* [What you are asked to do]
The expected result is an exact restatement of the data, free of pictures.

* [Exercise data]
++++++

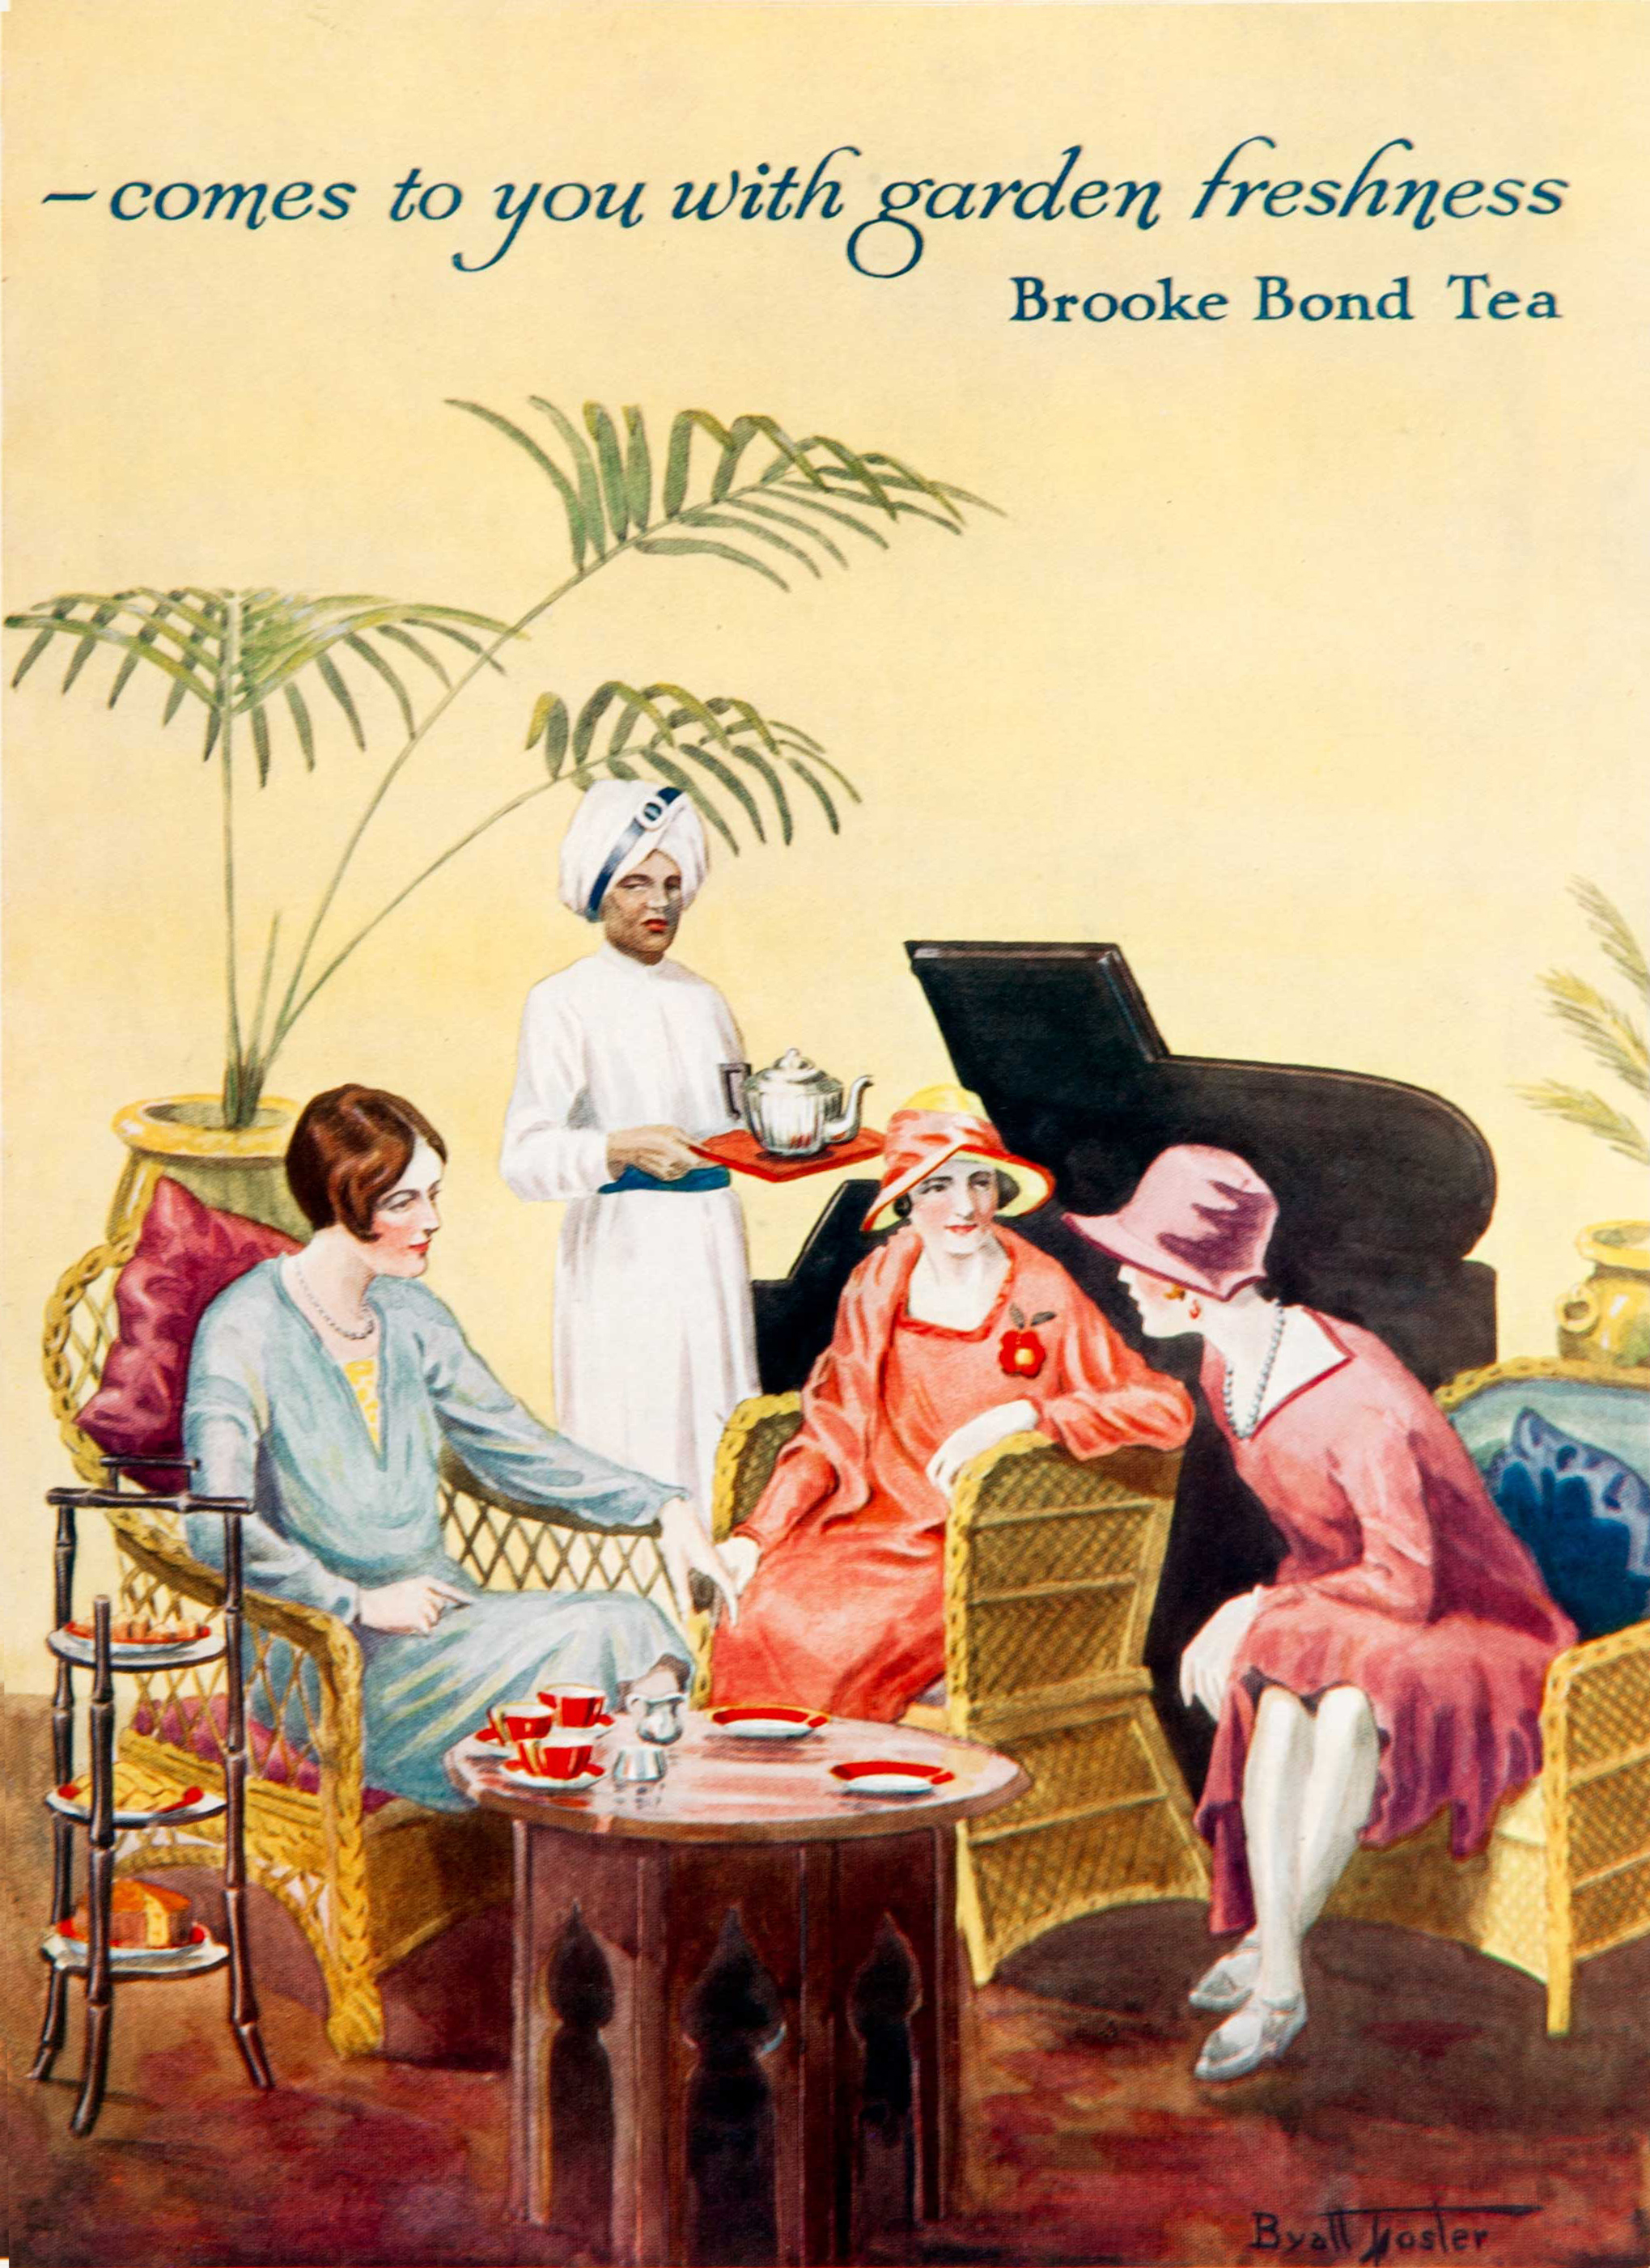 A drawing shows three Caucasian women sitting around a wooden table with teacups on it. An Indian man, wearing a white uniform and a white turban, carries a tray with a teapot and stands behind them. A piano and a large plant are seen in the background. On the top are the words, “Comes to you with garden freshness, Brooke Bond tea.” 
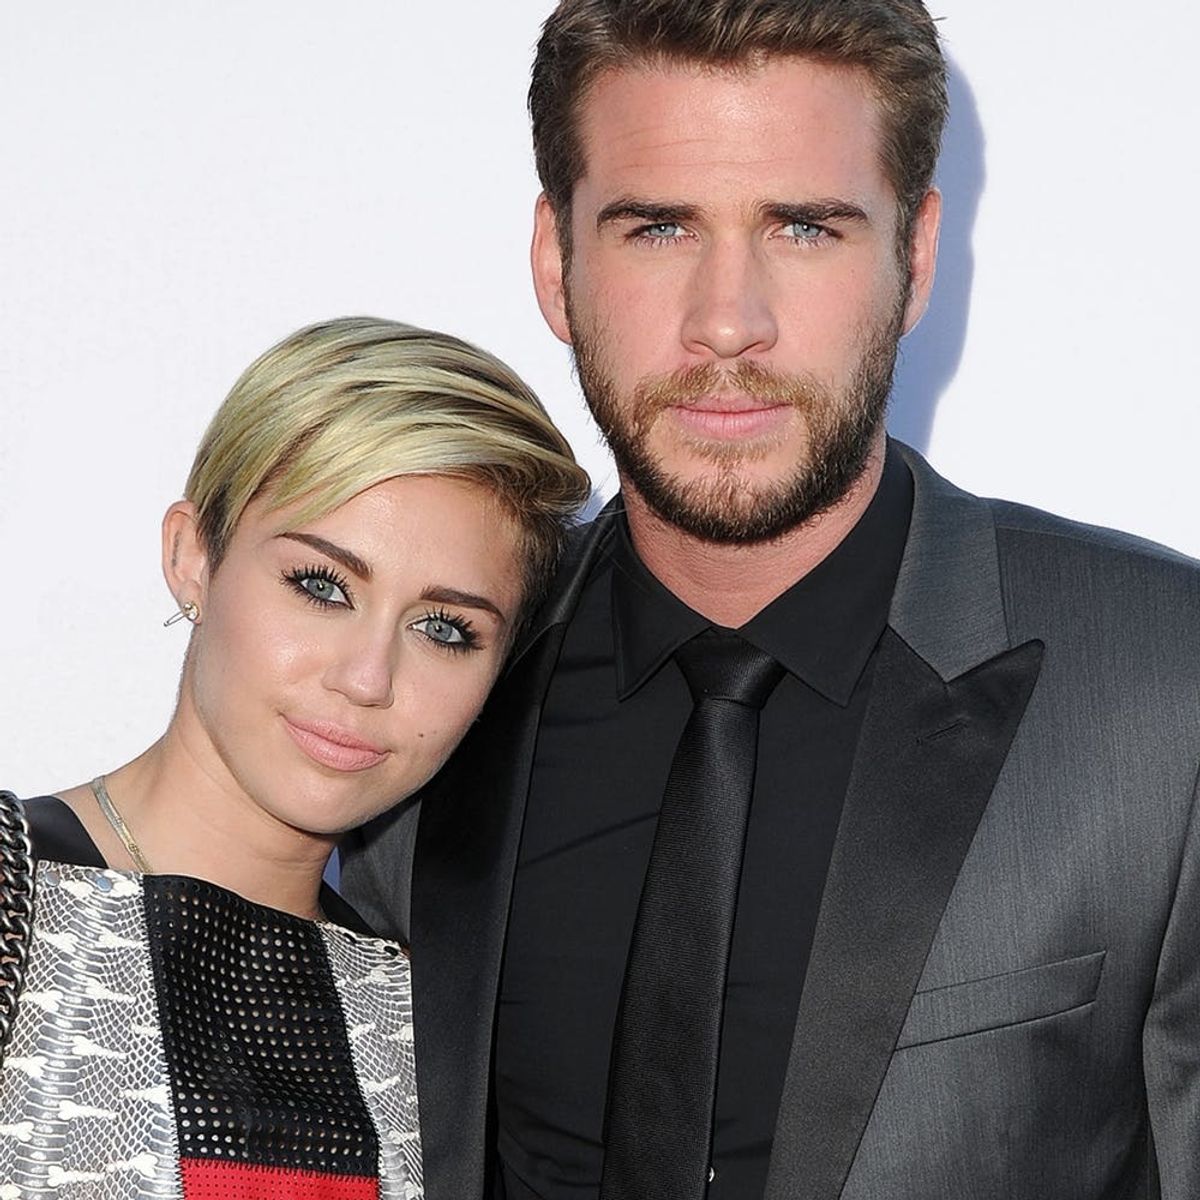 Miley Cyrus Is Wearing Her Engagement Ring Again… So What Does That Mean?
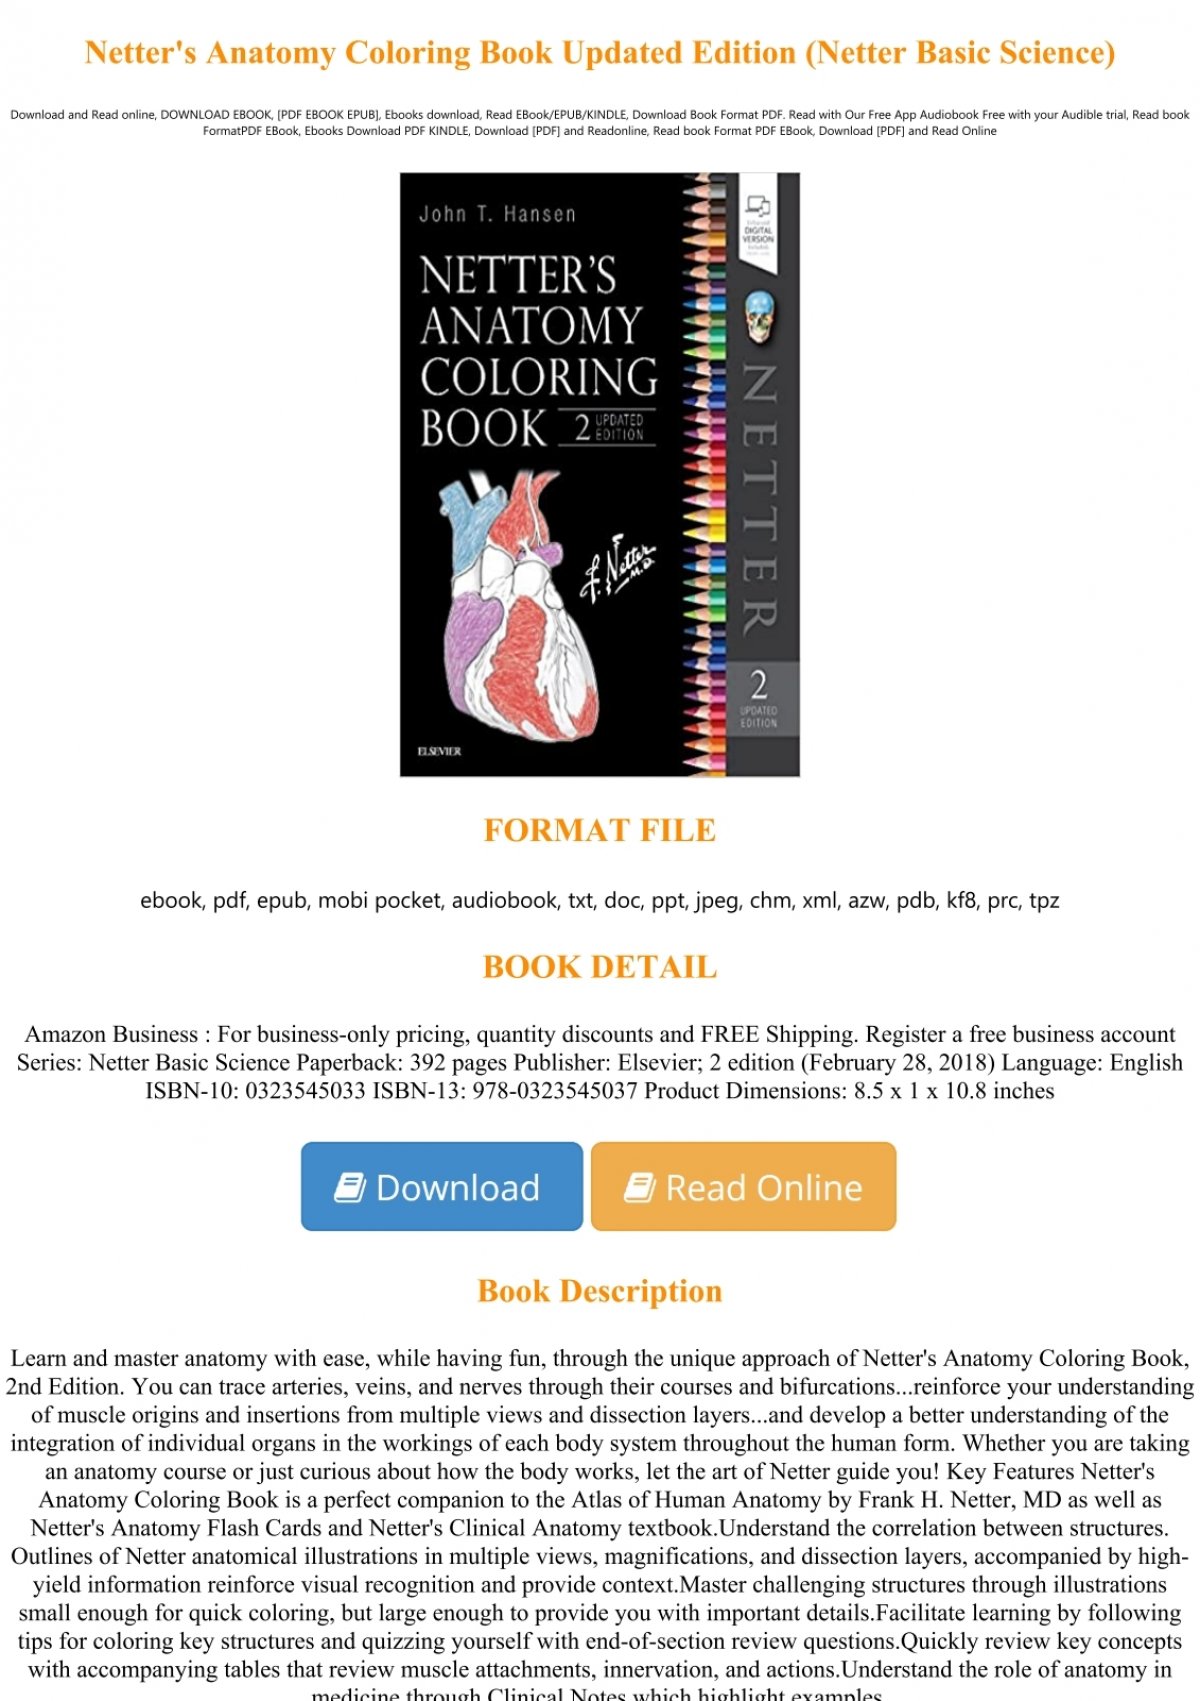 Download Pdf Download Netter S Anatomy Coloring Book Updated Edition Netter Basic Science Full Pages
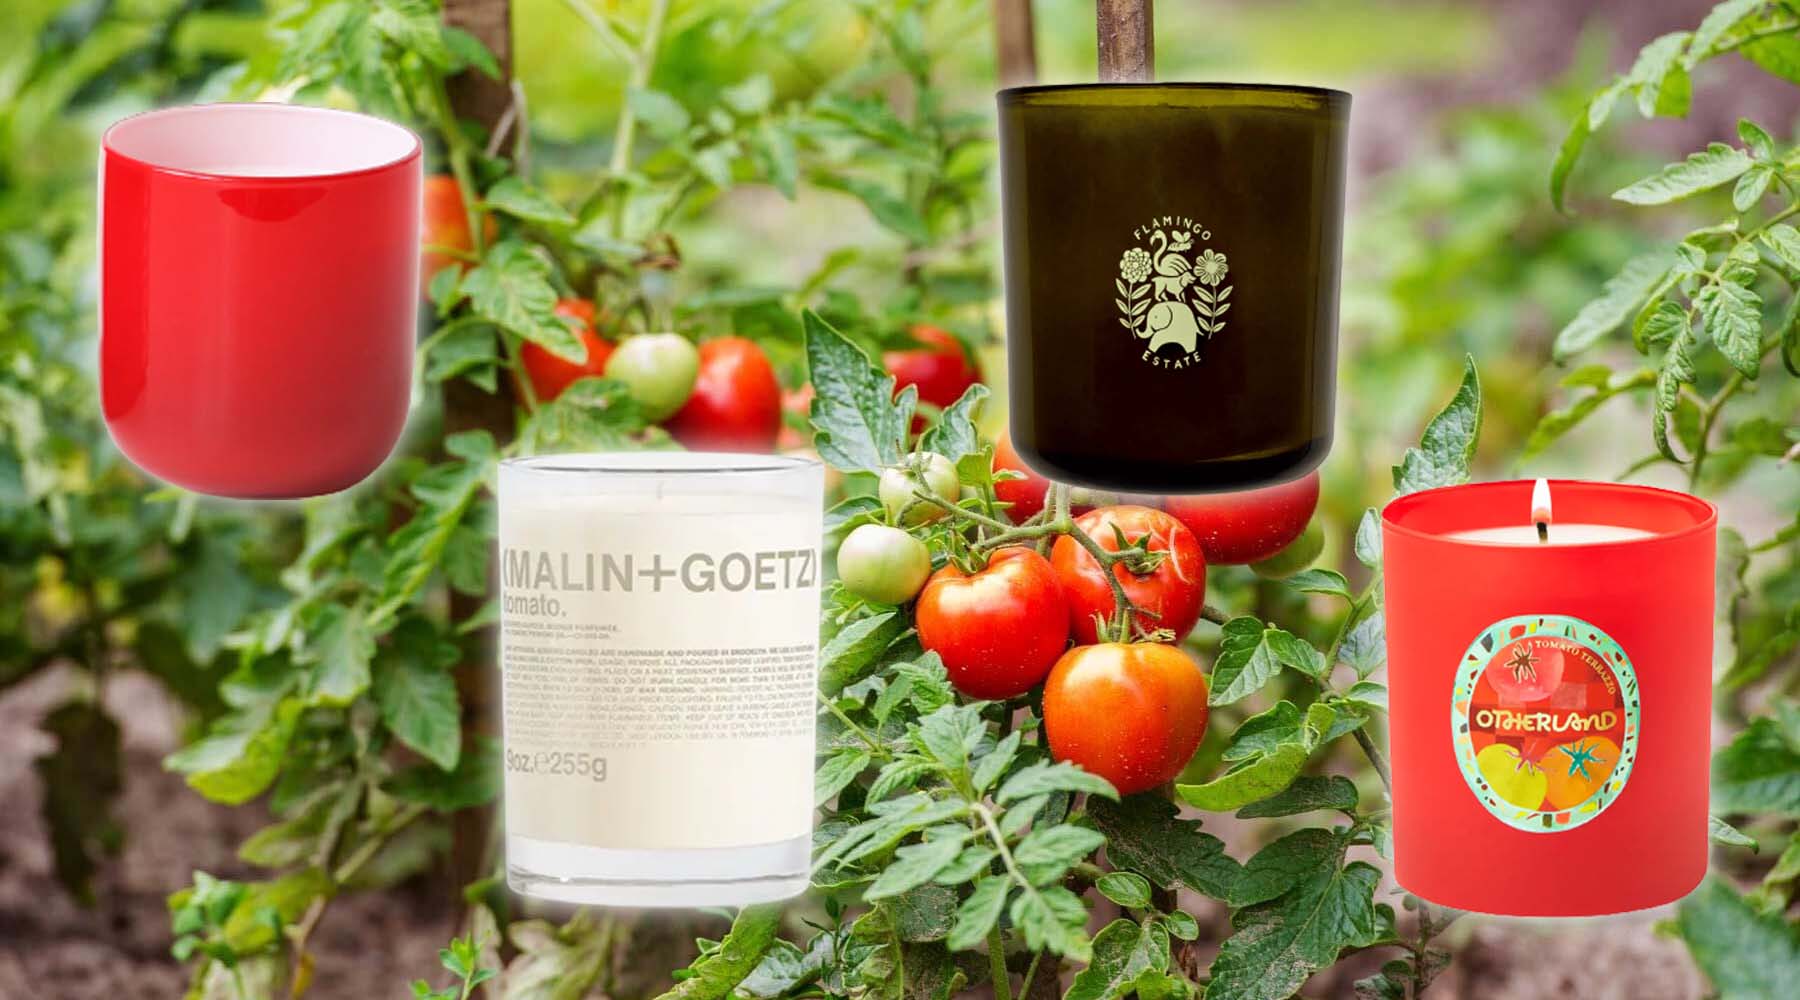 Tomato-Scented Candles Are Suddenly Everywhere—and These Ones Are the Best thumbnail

++++++

* [Answer to this exercise]
 A drawing shows three Caucasian women sitting around a wooden table with teacups on it. An Indian man, wearing a white uniform and a white turban, carries a tray with a teapot and stands behind them. A piano and a large plant are seen in the background. On the top are the words, “Comes to you with garden freshness, Brooke Bond tea.” 
 Miley Cyrus Is Wearing Her Engagement Ring Again… So What Does That Mean?
 Download Pdf Download Netter S Anatomy Coloring Book Updated Edition Netter Basic Science Full Pages
 Tomato-Scented Candles Are Suddenly Everywhere—and These Ones Are the Best thumbnail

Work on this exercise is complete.